Congress has just shafted you in the worst way possible … via the “rider” process (hint: you’re the horse). Let me explain by way of metaphor.

Blackmail

Let’s say you’re in the process of buying a house. You love the new place and you’re confident the deal will go through, so you’ve sold your existing home. But the seller is a canny and unprincipled fellow. He knows you need to move in soon. So at the last minute he inserts new clauses in the sale contract: He won’t fix the roof first. He’s taking the appliances. Oh, and he’s discovered a crack in the foundation — that’s your problem, too.

Omnibus Spending

Congress has just done something like that. As is the case every year, they need to pass a last-minute “omnibus” spending and tax-adjustment bill since they can’t be bothered to do their jobs the rest of the year.

And as they do every year, they’ve slipped in some last-minute amendments that would never pass under normal circumstances…

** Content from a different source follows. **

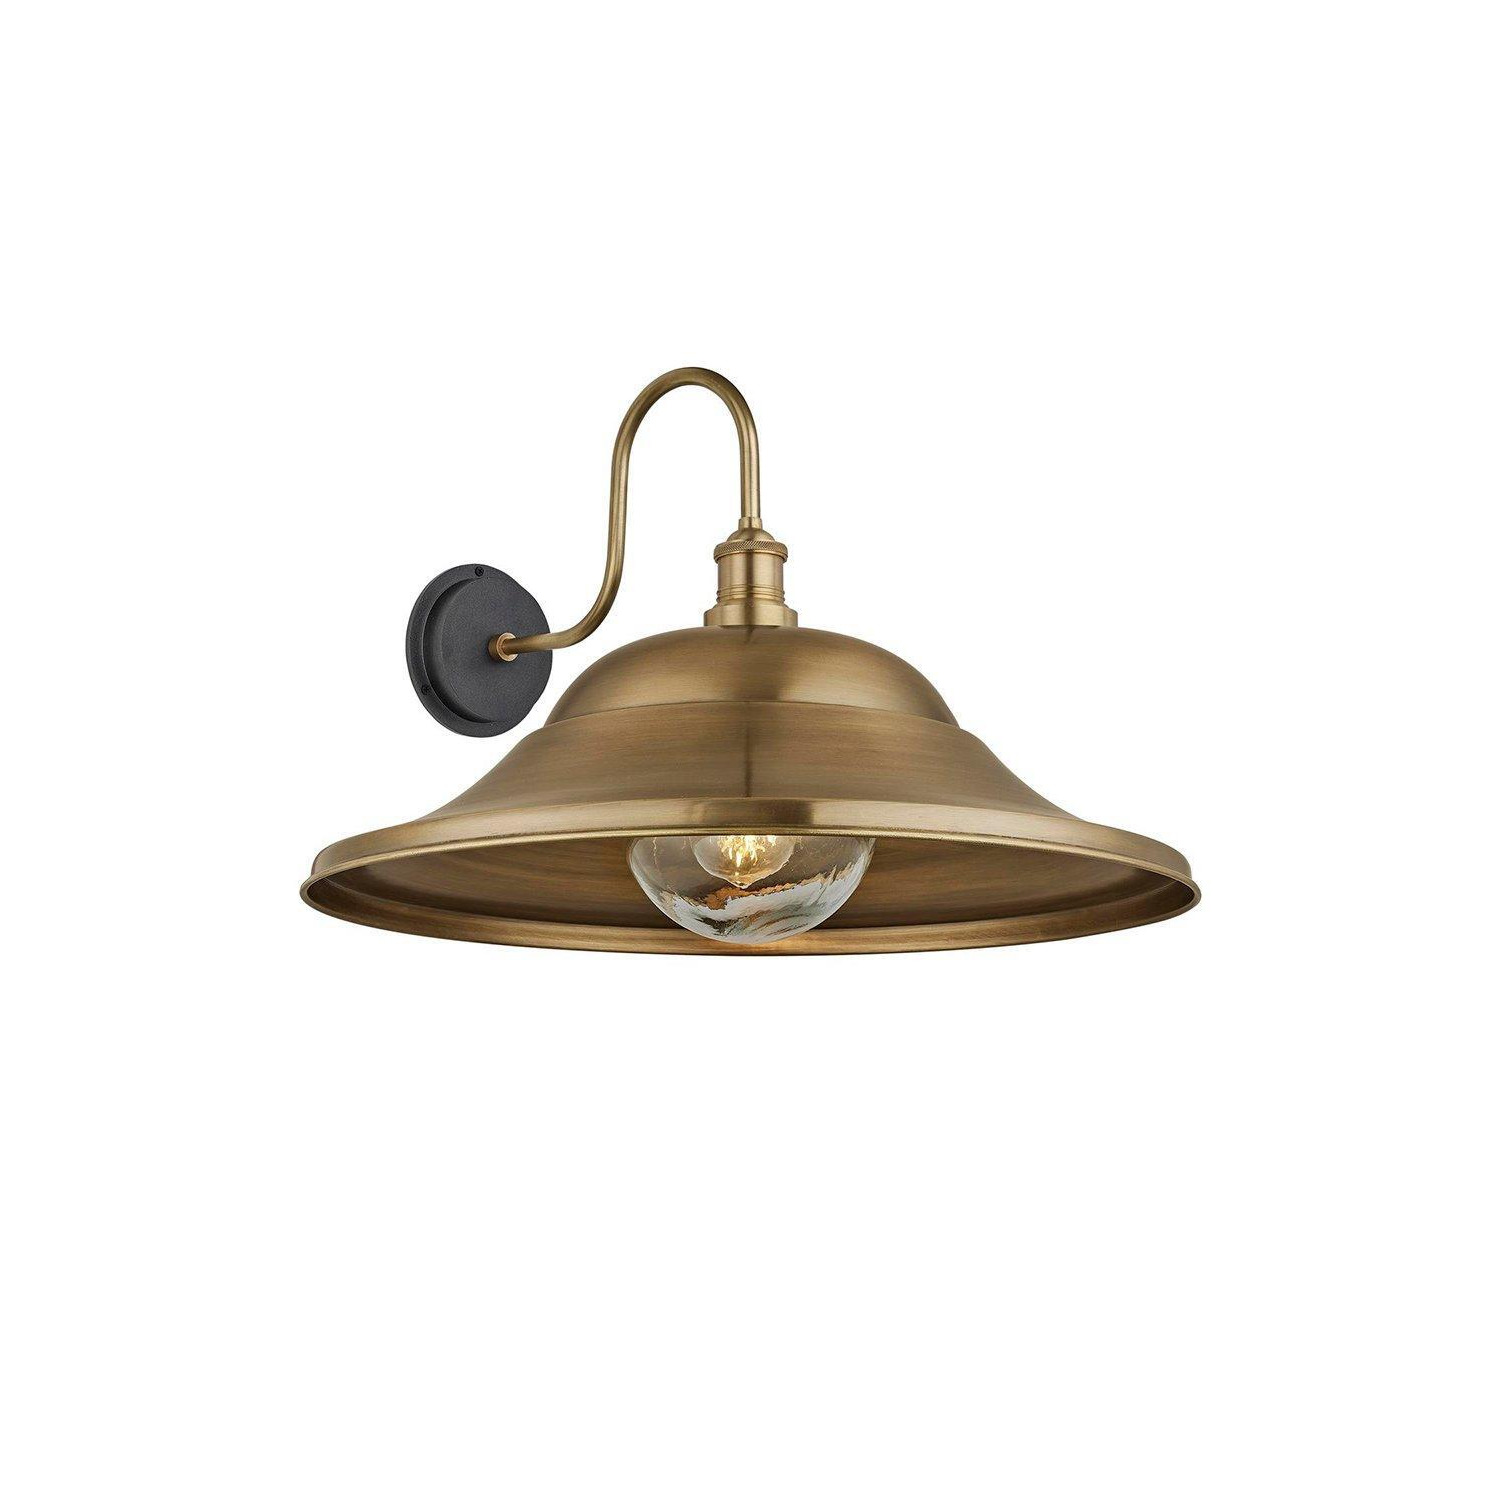 Swan Neck Outdoor & Bathroom Giant Hat Wall Light, 21 Inch, Brass, Brass Holder, Globe Glass - image 1

When my dad Bob Bauman was in Congress, the federal government’s budget process worked as follows:

First, the House passed an advisory “budget resolution.” Various House oversight committees, like Commerce and Armed Forces, then worked up their part of the budget. Each committee passed an appropriations bill to the floor of the House, where it was debated and approved. The Senate then weighed in; any changes were resolved in a conference with the House. Together, these bills were the federal budget.

The last time Congress actually passed every individual budget bill was for the 2002 fiscal year. The last time the House passed a budget resolution was in 2009. The Senate has gone for years without doing either.

Budget Resolution

Without a budget resolution, the House and Senate improvise like a mediocre jazz band. Critical steps in the process simply don’t happen, especially for large or controversial spending areas. But money still gets spent.

If a budget isn’t in place by the start of the fiscal year on October 1, the government shuts down. Congress avoids this by passing a short-term budget at current spending levels called a “continuing resolution.” This gives lawmakers more time either to write individual budget bills, or to wrap them together in an “omnibus bill” covering all 12 major appropriations areas.

In recent years, these omnibus budget bills have been packed with “riders” — unrelated policy provisions that otherwise wouldn’t be signed into law on their own. They are essentially a form of blackmail: Pass us or you’re not gonna get a budget, and everything stops.